Linton Freeman (one of the authors of UCINET) developed basic measures of the centrality of actors based on their degree, and the overall centralization of graphs.

Figure 10.5 shows the output of Network>Centrality>Degree applied to out-degrees and to the in-degrees of the Knoke information network.  The centrality can also be computed ignoring the direction of ties (i.e. a tie in either direction is counted as a tie).

Figure 10.5.  Freeman degree centrality and graph centralization of Knoke information network

Actors #5 and #2 have the greatest out-degrees, and might be regarded as the most influential (though it might matter to whom they are sending information, this measure does not take that into account). Actors #5 and #2 are joined by #7 (the newspaper) when we examine in-degree. That other organizations share information with these three would seem to indicate a desire on the part of others to exert influence. This is an act of deference, or a recognition that the positions of actors 5, 2, and 7 might be worth trying to influence. If we were interested in comparing across networks of different sizes or densities, it might be useful to "standardize" the measures of in and out-degree. In the last two columns of the first panel of results above, all the degree counts have been expressed as percentages of the number of actors in the network, less one (ego).

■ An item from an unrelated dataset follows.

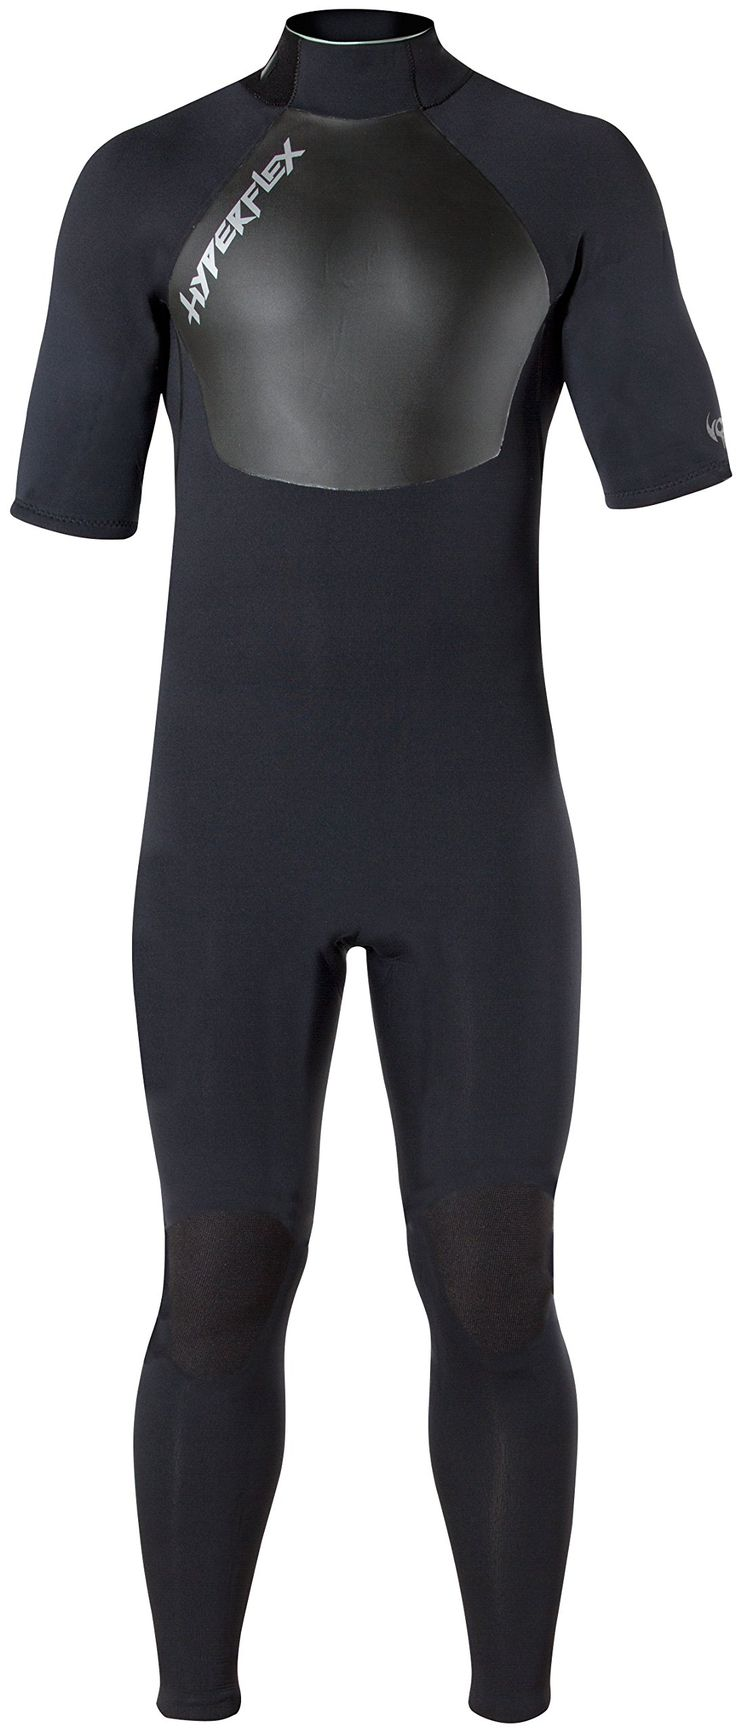 Hyperflex Wetsuits Men's Voodoo 2.5mm Short Sleeve Fullsuit, Black, Large S - Surfing, Windsurfing & Wakeboarding

The next panel of results speaks to the "meso" level of analysis. That is, what does the distribution of the actor's degree centrality scores look like? On the average, actors have a degree of 4.9, which is quite high, given that there are only nine other actors. We see that the range of in-degree is slightly larger (minimum and maximum) than that of out-degree, and that there is more variability across the actors in in-degree than out-degree (standard deviations and variances). The range and variability of degree (and other network properties) can be quite important, because it describes whether the population is homogeneous or heterogeneous in structural positions. One could examine whether the variability is high or low relative to the typical scores by calculating the coefficient of variation (standard deviation divided by mean, times 100) for in-degree and out-degree. By the rules of thumb that are often used to evaluate coefficients of variation, the current values (35 for out-degree and 53 for in-degree) are moderate. Clearly, however, the population is more homogeneous with regard to out-degree (influence) than with regard to in-degree (prominence).

The last bit of information provided by the output above are Freeman's graph centralization measures, which describe the population as a whole -- the macro level. These are very useful statistics, but require a bit of explanation.

Remember our "star" network from the discussion above (if not, go review it)? The star network is the most centralized or most unequal possible network for any number of actors. In the star network, all the actors but one have degree of one, and the "star" has degree of the number of actors, less one. Freeman felt that it would be useful to express the degree of variability in the degrees of actors in our observed network as a percentage of that in a star network of the same size. This is how the Freeman graph centralization measures can be understood: they express the degree of inequality or variance in our network as a percentage of that of a perfect star network of the same size. In the current case, the out-degree graph centralization is 51% and the in-degree graph centralization 38% of these theoretical maximums. We would arrive at the conclusion that there is a substantial amount of concentration or centralization in this whole network. That is, the power of individual actors varies rather substantially, and this means that, overall, positional advantages are rather unequally distributed in this network.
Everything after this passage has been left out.